INSTRUCTIONS TO FOLLOW – After finding the line with "Ручка для сумки, с", restate it and each remaining line of the material word for word, omitting every picture.

DATASET EXTRACT –
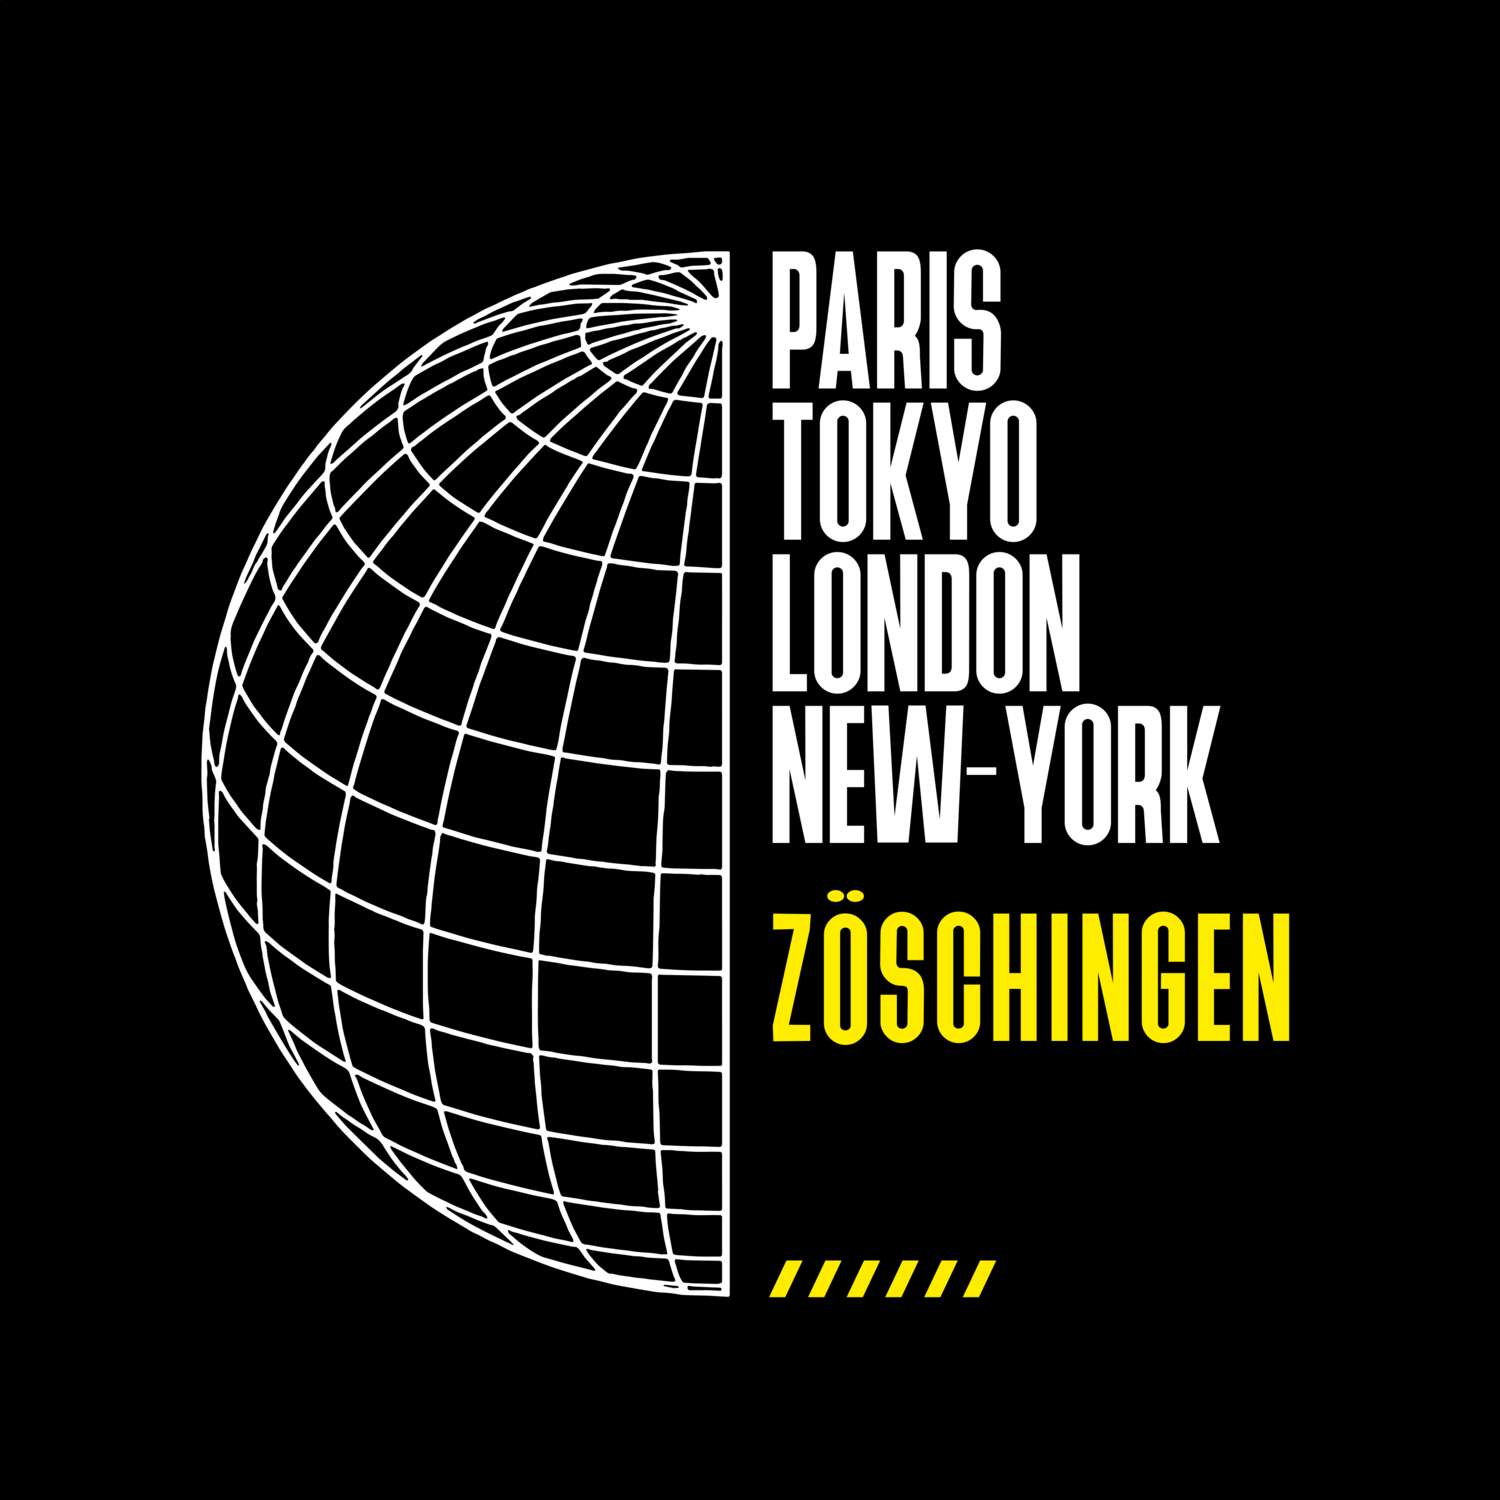 Zöschingen T-Shirt »Paris Tokyo London«
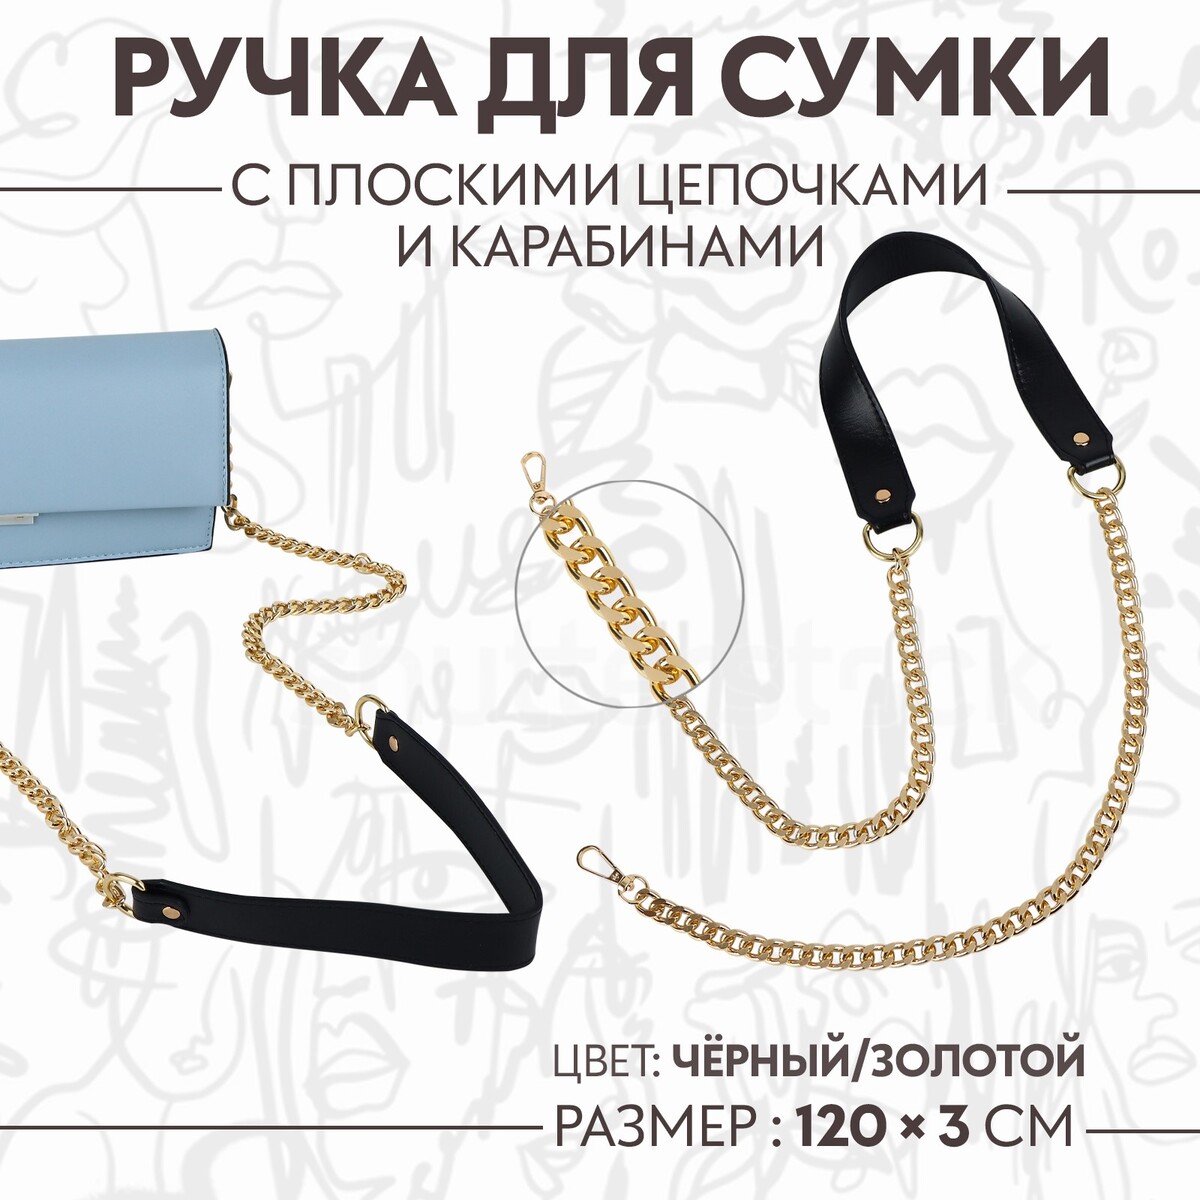 Ручка для сумки, с плоскими цепочками и карабинами, 120 × 3 см, цвет черный/золотой ручка для сумки с цепочками и карабинами 120 × 1 8 см
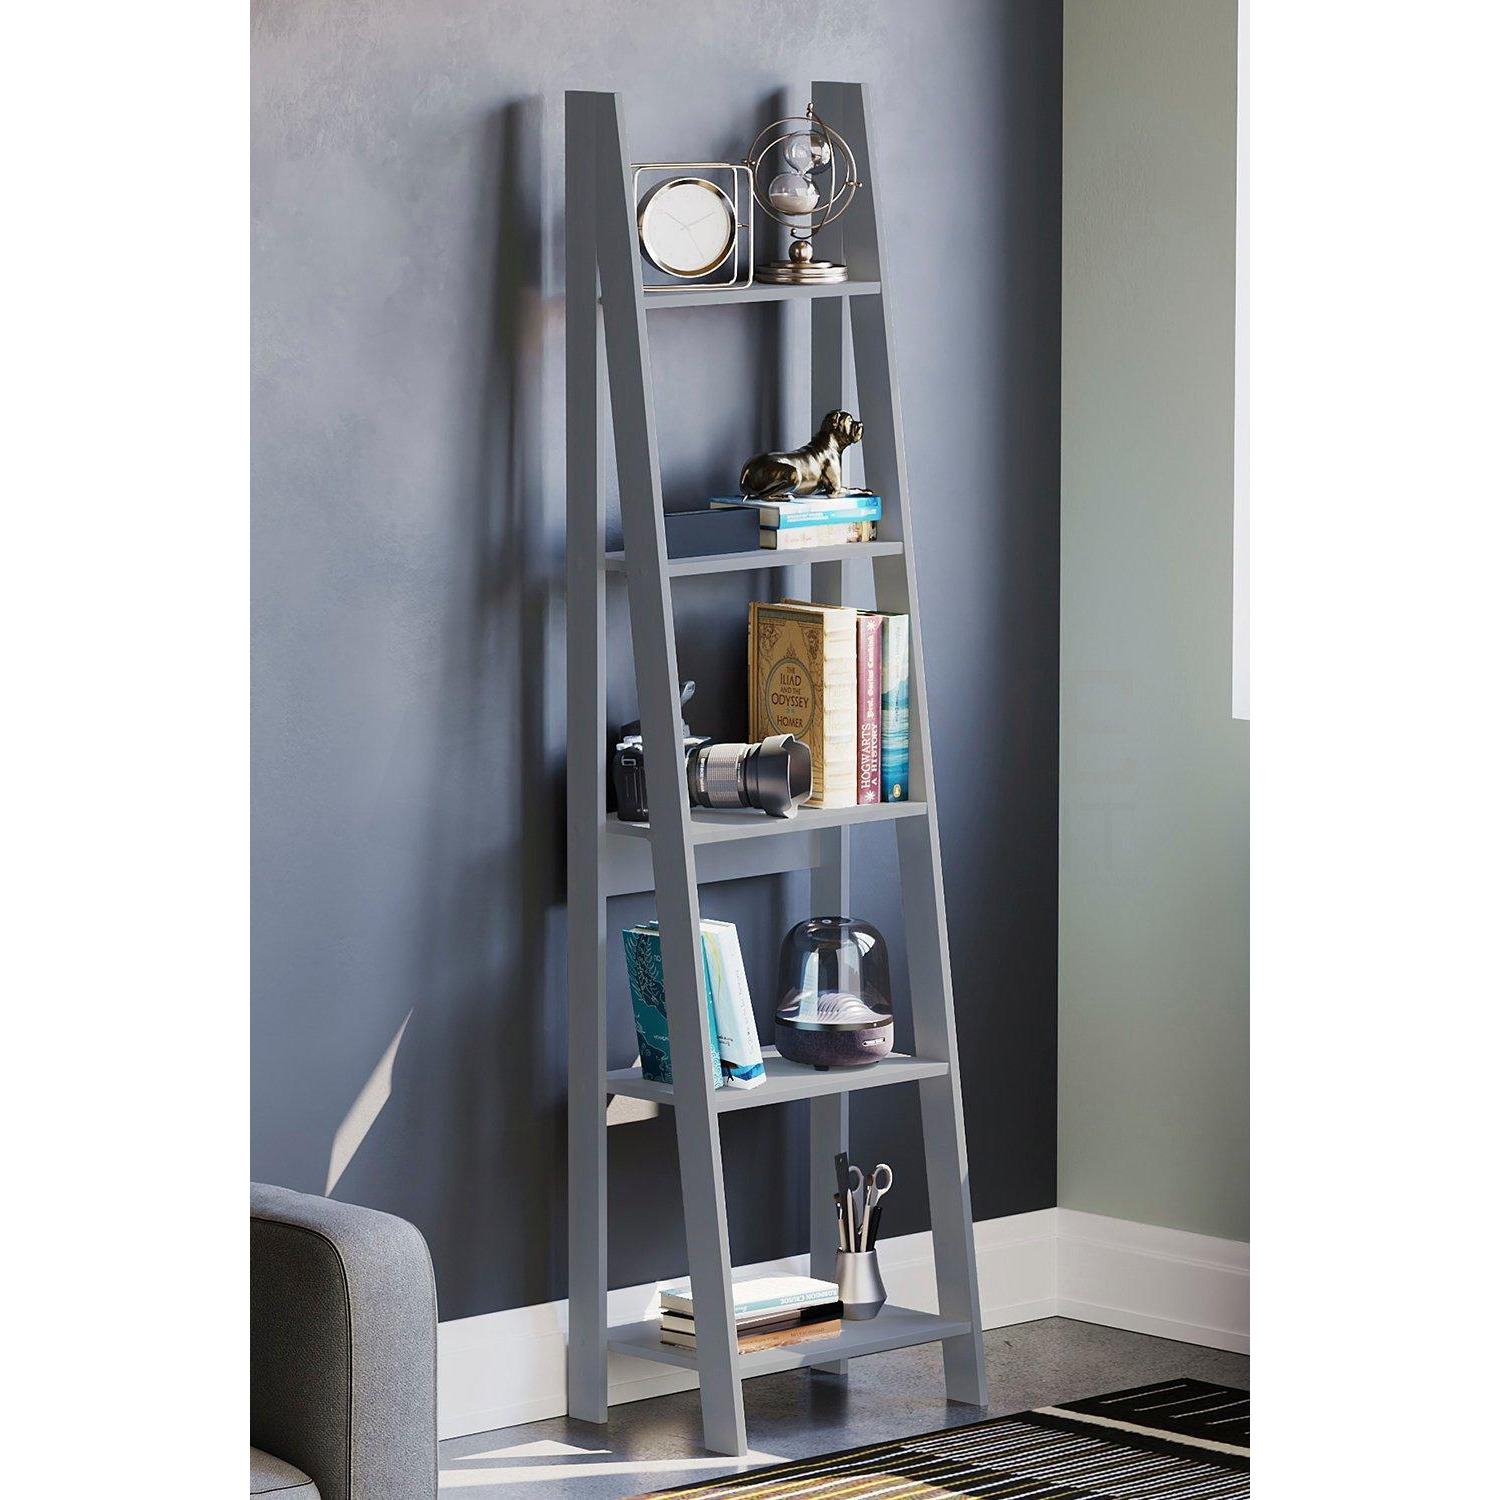 Vida Designs Bristol 5 Tier Step Ladder Bookcase Storage 1755 x 460 x 385 mm - image 1
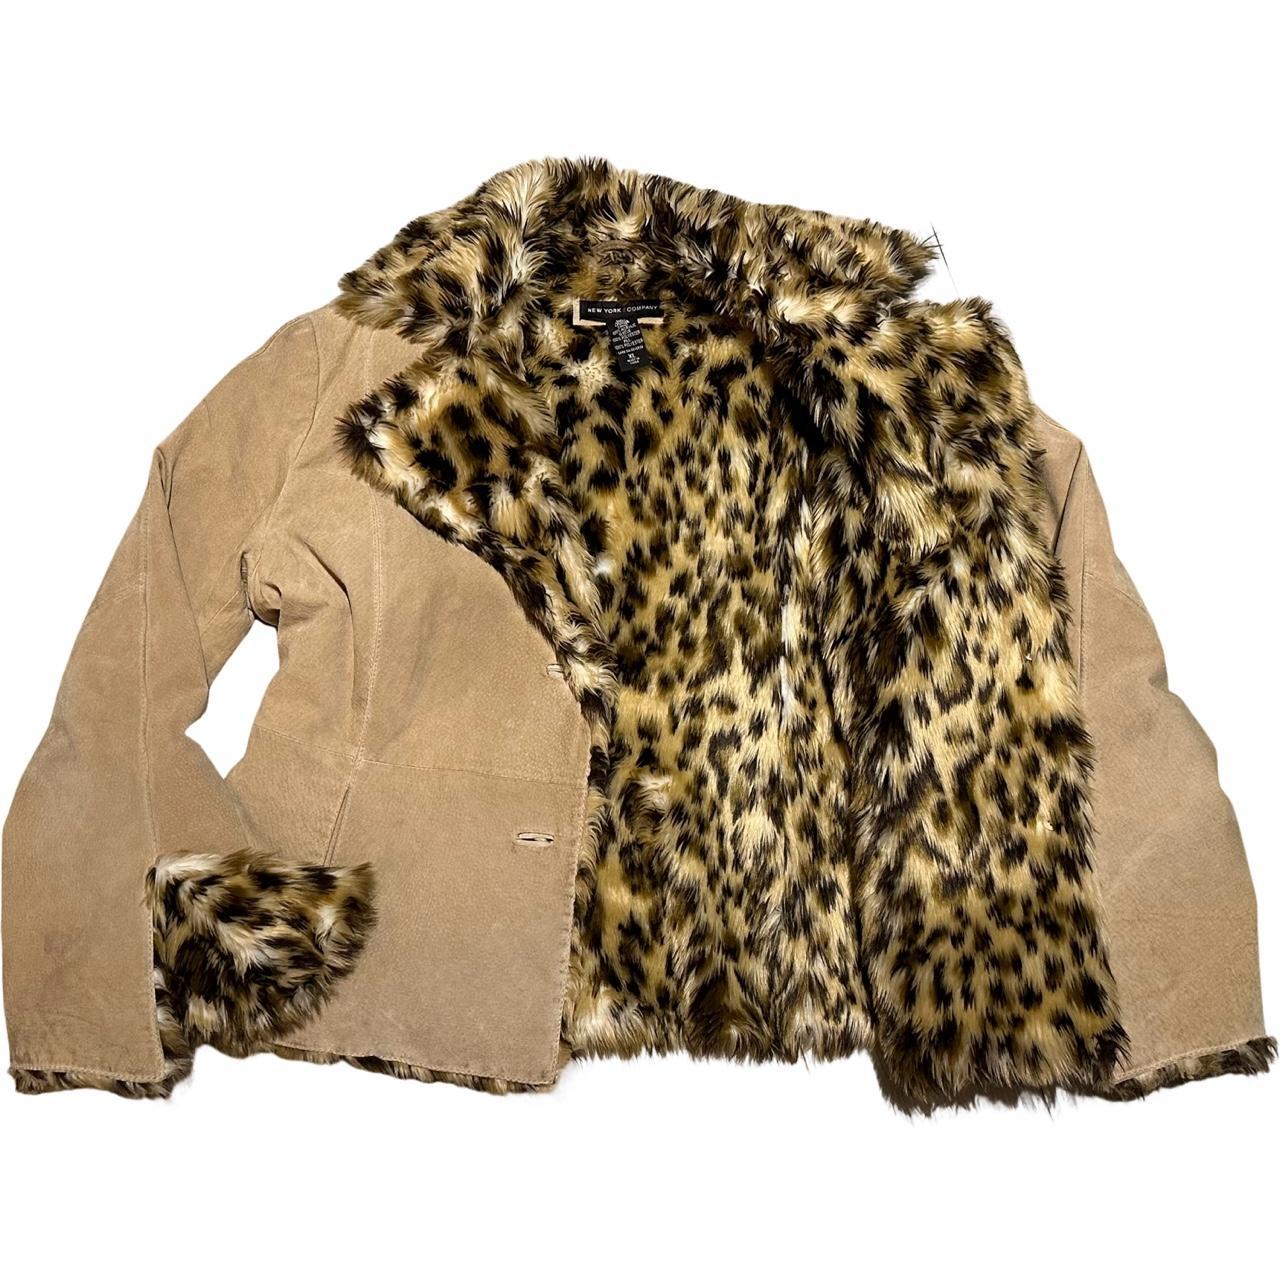 Cheetah Print Fur And Suede jacket

RESPONSE TO THIS EXERCISE –
 Ручка для сумки, с плоскими цепочками и карабинами, 120 × 3 см, цвет черный/золотой ручка для сумки с цепочками и карабинами 120 × 1 8 см
 Vida Designs Bristol 5 Tier Step Ladder Bookcase Storage 1755 x 460 x 385 mm - image 1
 Cheetah Print Fur And Suede jacket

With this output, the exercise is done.